Another study evaluated the progression of subclinical atherosclerosis in 177 asymptomatic postmenopausal women using no hormone replacement therapy (HRT), combined therapy, and estrogen alone in an observational study design. Calcium progression was 14.6 ± 21% in women taking any hormone therapy ( n = 97), whereas calcium progression rates in nonusers ( n = 80) was higher at 22.3 ± 32%. Relative to the nonuser group, HRT treatment inhibited the progression of atherosclerosis by 35% ( P = 0.01). Of the women on HRT ( n = 97) on estrogen replacement only ( n = 62), the annual increase in calcium scores was 63% lower (9 ± 22%) compared to those on estrogen plus progestin, rates similar to the nonuser group. These findings were independent of age, CV risk factors, statin use, or baseline CACS. The results of this observational CT study align with the Women Health Initiative, demonstrating that combined estrogen plus progestin imparts a significant increase in CV risk in asymptomatic women.

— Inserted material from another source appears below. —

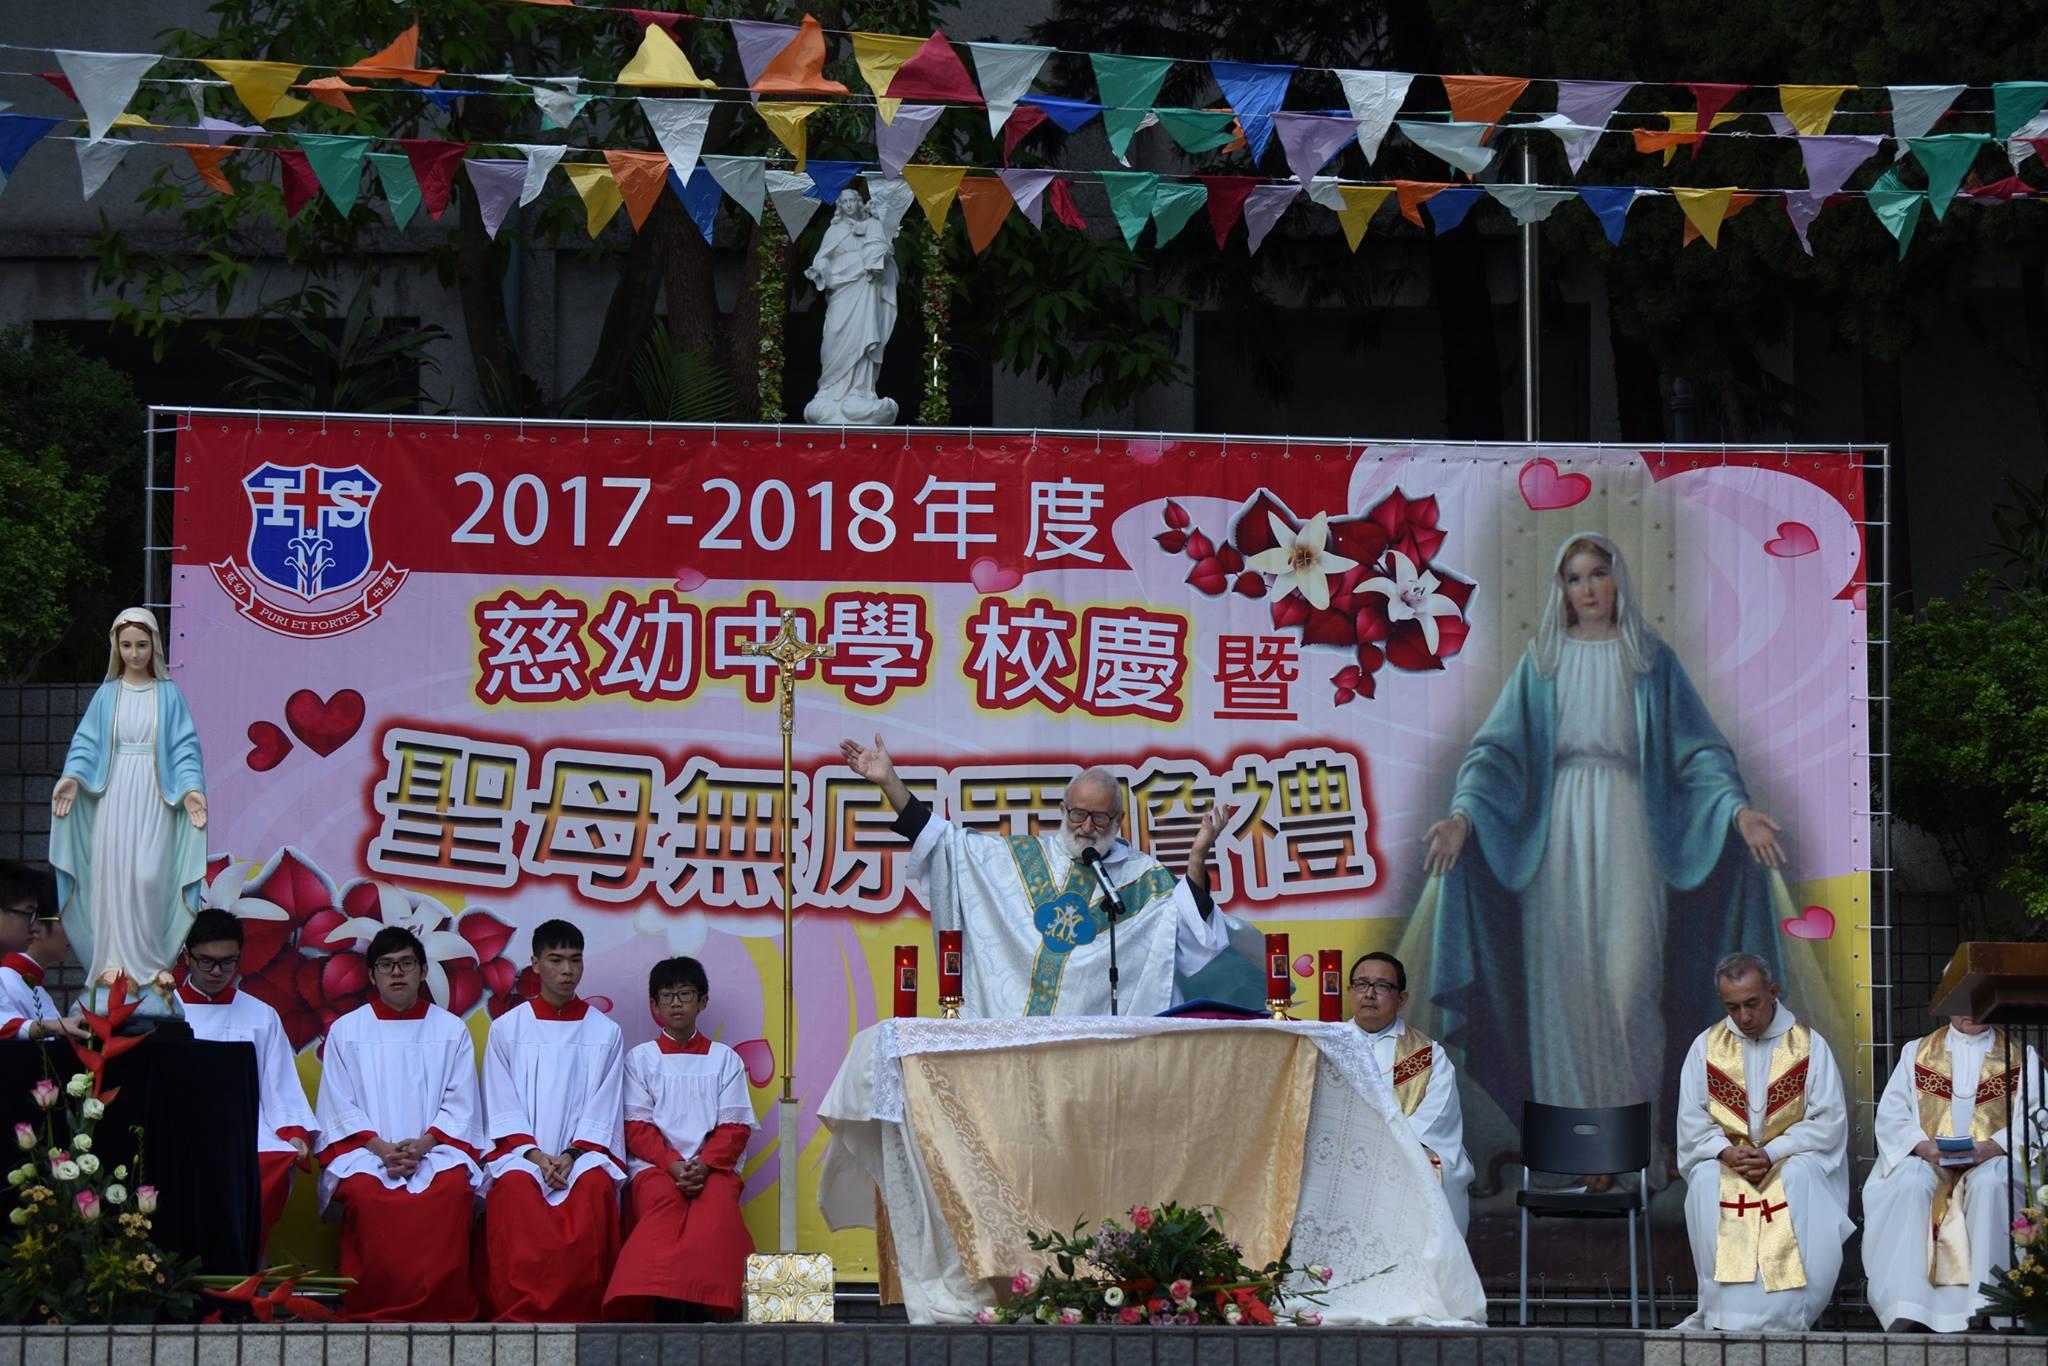 2017~2018 聖母無原罪瞻禮暨校慶感恩祭

Based on these results, it is plausible that a baseline calcium scan assessment may hold clinical value in the prediction of future CV risk and guiding initiation of anti-lipid therapy (independent of serum lipid profile). Additional longitudinal studies addressing this issue need to be performed.



Coronary CT angiography


Coronary CT angiography (CCTA) is a noninvasive technique to image the coronary arteries, whereby the identification of not only coronary calcium but also coronary luminal stenosis afford valuable diagnostic and prognostic utility [ ]. Over the past decade, technological improvements in spatial resolution (225–750 μm) and temporal resolution (75–125 ms), allow visualization of the epicardial coronary arteries in a 1–5 s breath hold. Indices of diagnostic accuracy for stenosis detection exhibit a sensitivity of 95% and specificity of 83%, on a per-patient level [ ].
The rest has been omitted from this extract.